5 minute read

I suck at algorithms, even though I have a Machine Learning and Algorithms master degree. It makes me frown everytime in coding interviews. So I decided to practice more often, hope that I can get better at it. At least not afraid of it. Now this is the first one.

Problem

Rotate a square matrix clockwise concentrically by 1. For example:

1 2 3
4 5 6
7 8 9

will become

4 1 2
7 5 3
8 9 6

Analysis

Ok, the problem in question is quite easy to understand, but instinct tells me that there maybe multiple ways to solve, but maybe no one will be substaintially easier than the rest. So where to start? Let’s start by thinking out loud. Let’s assume we use java here.

First, two dimension array is probably most familiar to people as for presenting matrix. Um.. I couldn’t think of any other options yet so let’s use that for now. Well, if the data is stored as two dimension array, then the rotation seems to be a bit hard to manipulate, since it is by 1 slot instead of, for example by 90 degree. And the rotation is concentric, feels it’s gonna be a whole lot of index manipulations. sigh, I hate complex index games like this. But let’s see how hard can it be.

10 minutes passed while staring at the paper…

That’s enough staring to give me the conviction that I can’t solve it that easily. So, maybe some drawing and doodling could help? Let’s try. Having one thing in my mind, which is trying to find some rules related to indexes, I came up with the following doodle:

If we can find for each position, where the new value will come from, then we can create a new matrix and pick the correctly value from the old matrix. Not hard to see that there are 5 categories, which are: (1) get the new value from left (2) get the new value from right (3) get the new value from top (4) get the new value from below (5) new value is itself

Now the problem is to find out how to make this classification through code.

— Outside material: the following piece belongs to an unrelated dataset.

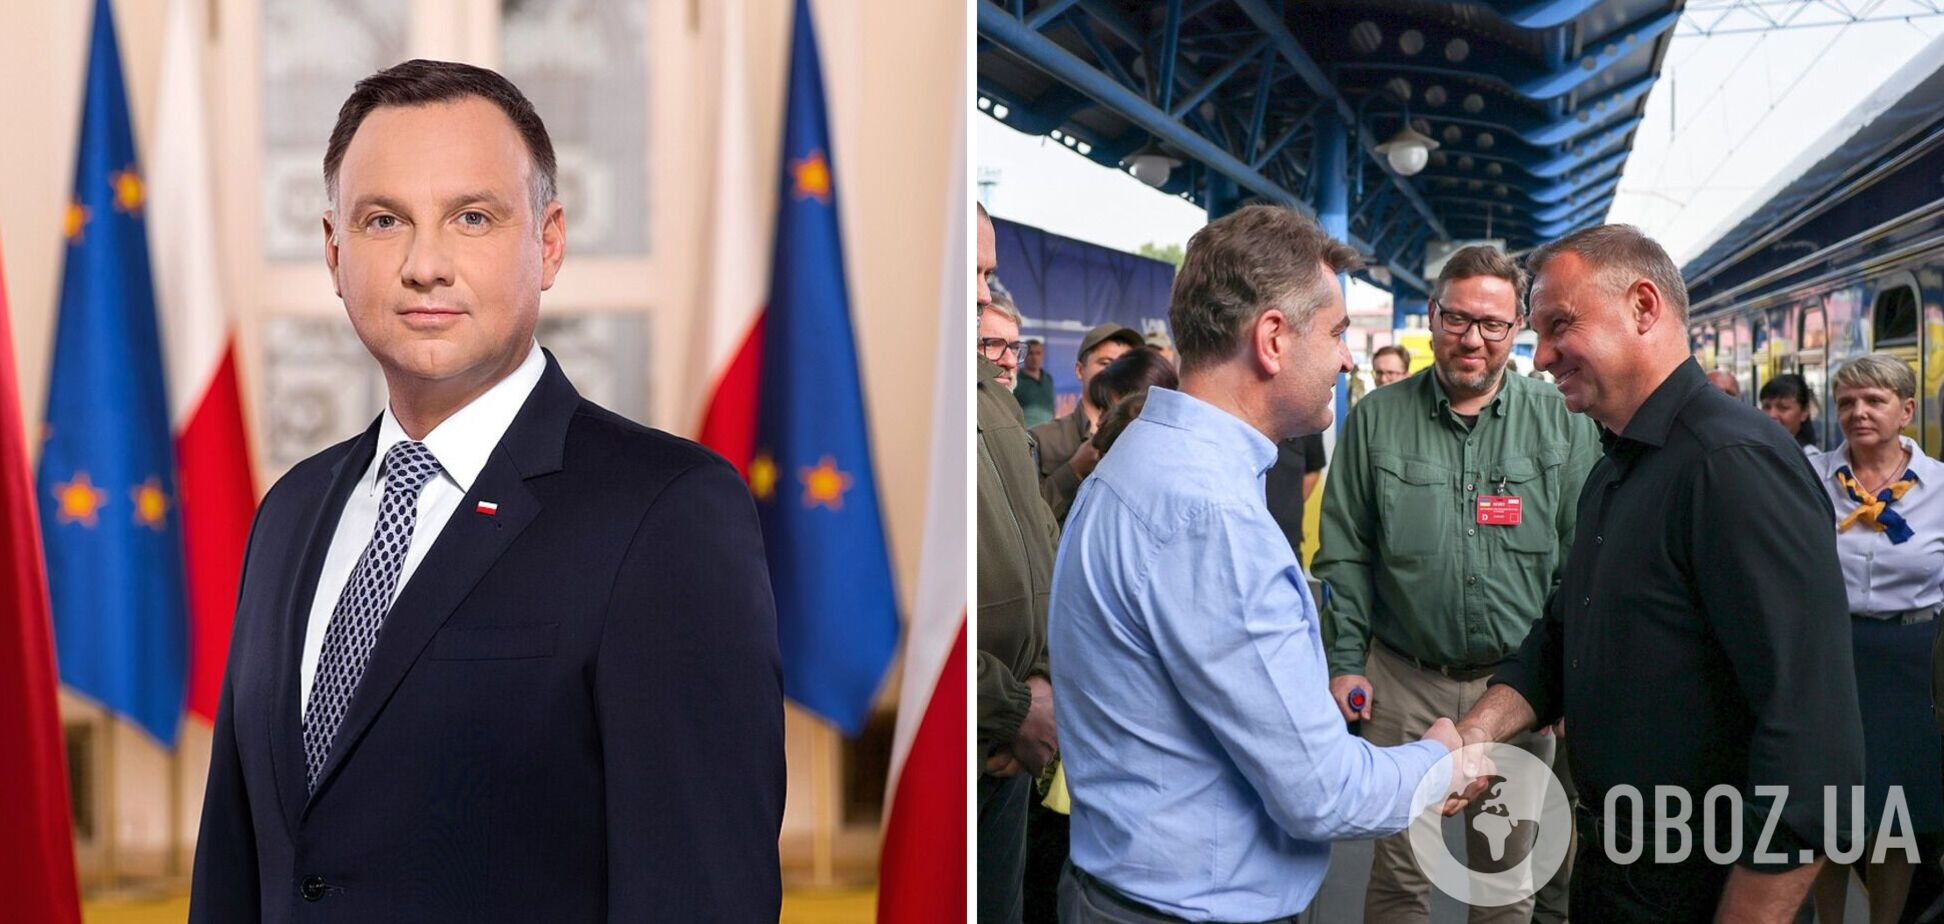 Дуда прибыл с визитом в Киев и провел встречу с Зеленским. Фото и видео

After some thinking, I came up with the next doodle:

The two diagonal lines seem to put the elements into the correct category perfectly, but why is this, what is so special about the diagonal lines? Well, if you have some basic math knowledge, it will occur to you that the green line means something like: i = j, and the yellow line means something like: i + j = n. So now it is very clear that each line divides the matrix into 2 parts. The yellow line: i + j > n and i + j < n, (n is the dimension of the matrix), and the green line i > j and i < j. Em, seems we are very close now. Each category is the intersection of two of the 4 parts. If we can translate that into some if and else clauses, I guess we have found a solution!

Source Code

    package com.coding.challenges.concentricmatrix;
    
    import java.util.*;
    
    class Main
    {
        private static int[] convertStrArr2IntArr(int len, String[] arr) {
            int[] result = new int[len];
            for (int i = 0; i < arr.length; i++) {
                result[i] = Integer.parseInt(arr[i]);
            }
            return result;
        }
    
        private static void readInLines(int lineNum, int[][] data, Scanner scanner) {
            String line = scanner.nextLine();
            String[] lSplit = line.split(" ");
            int colNum = lSplit.length;
            data[lineNum] = convertStrArr2IntArr(colNum, lSplit);
        }
        public static void main(String [] args) throws Exception
        {
            Scanner sc = new Scanner(System.in);
            int  numberOfLines = Integer.parseInt(sc.nextLine());
            int[][] data = new int[numberOfLines][];
            for(int t = 0; t < numberOfLines; t++) {
                readInLines(t, data, sc);
            }
            if (!validateSqr(data)) {
                System.out.print("ERROR");
                return;
            }
    
            printResult(rotate(numberOfLines, data));
        }
    
        private static int[][] rotate(int n, int[][] data) {
            int[][] result = new int[n][n];
            for (int i = 0; i < result.length; i++) {
                for (int j = 0; j < result[i].length; j++) {
                    fill(n, result, data, i, j);
                }
            }
            return result;
        }
    
        private static void fill(int n, int[][] result, int[][] data, int i, int j) {
            if (i > j) {
                if (i + j < n - 1) {
                    result[i][j] = data[i + 1][j];
                } else {
                    result[i][j] = data[i][j + 1];
                }
            } else if (i < j) {
                if (i + j <= n - 1) {
                    result[i][j] = data[i][j - 1];
                } else {
                    result[i][j] = data[i - 1][j];
                }
            } else {
                if (i * 2 < n - 1) {
                    result[i][j] = data[i + 1][j];
                } else if (i * 2 > n - 1) {
                    result[i][j] = data[i - 1][j];
                } else {
                    result[i][j] = data[i][j];
                }
            }
        }
    
        private static boolean validateSqr(int[][] data) {
            int xLen = data.length;
            for (int[] aData : data) {
                int yLen = aData.length;
                if (yLen != xLen) {
                    return false;
                }
            }
            return true;
        }
    
        private static void printResult(int[][] data) {
            for (int[] aData : data) {
                for (int anAData : aData) {
                    System.out.print(anAData + " ");
                }
                System.out.println();
            }
        }
    }

Build script

    repositories {
        mavenCentral()
    }
    
    apply plugin: "java"
    
    sourceSets {
        main.java.srcDir "src"
    }
    
    jar {
        manifest.attributes "Main-Class": "com.coding.challenges.concentricmatrix.Main"
    }

How to run

Press C-c C-c on the code block below.

    ;; tangle the source code
    (org-babel-tangle)
    ;; export to pdf
    (org-latex-export-to-pdf)
    ;; build
    (shell-command-to-string "gradle jar")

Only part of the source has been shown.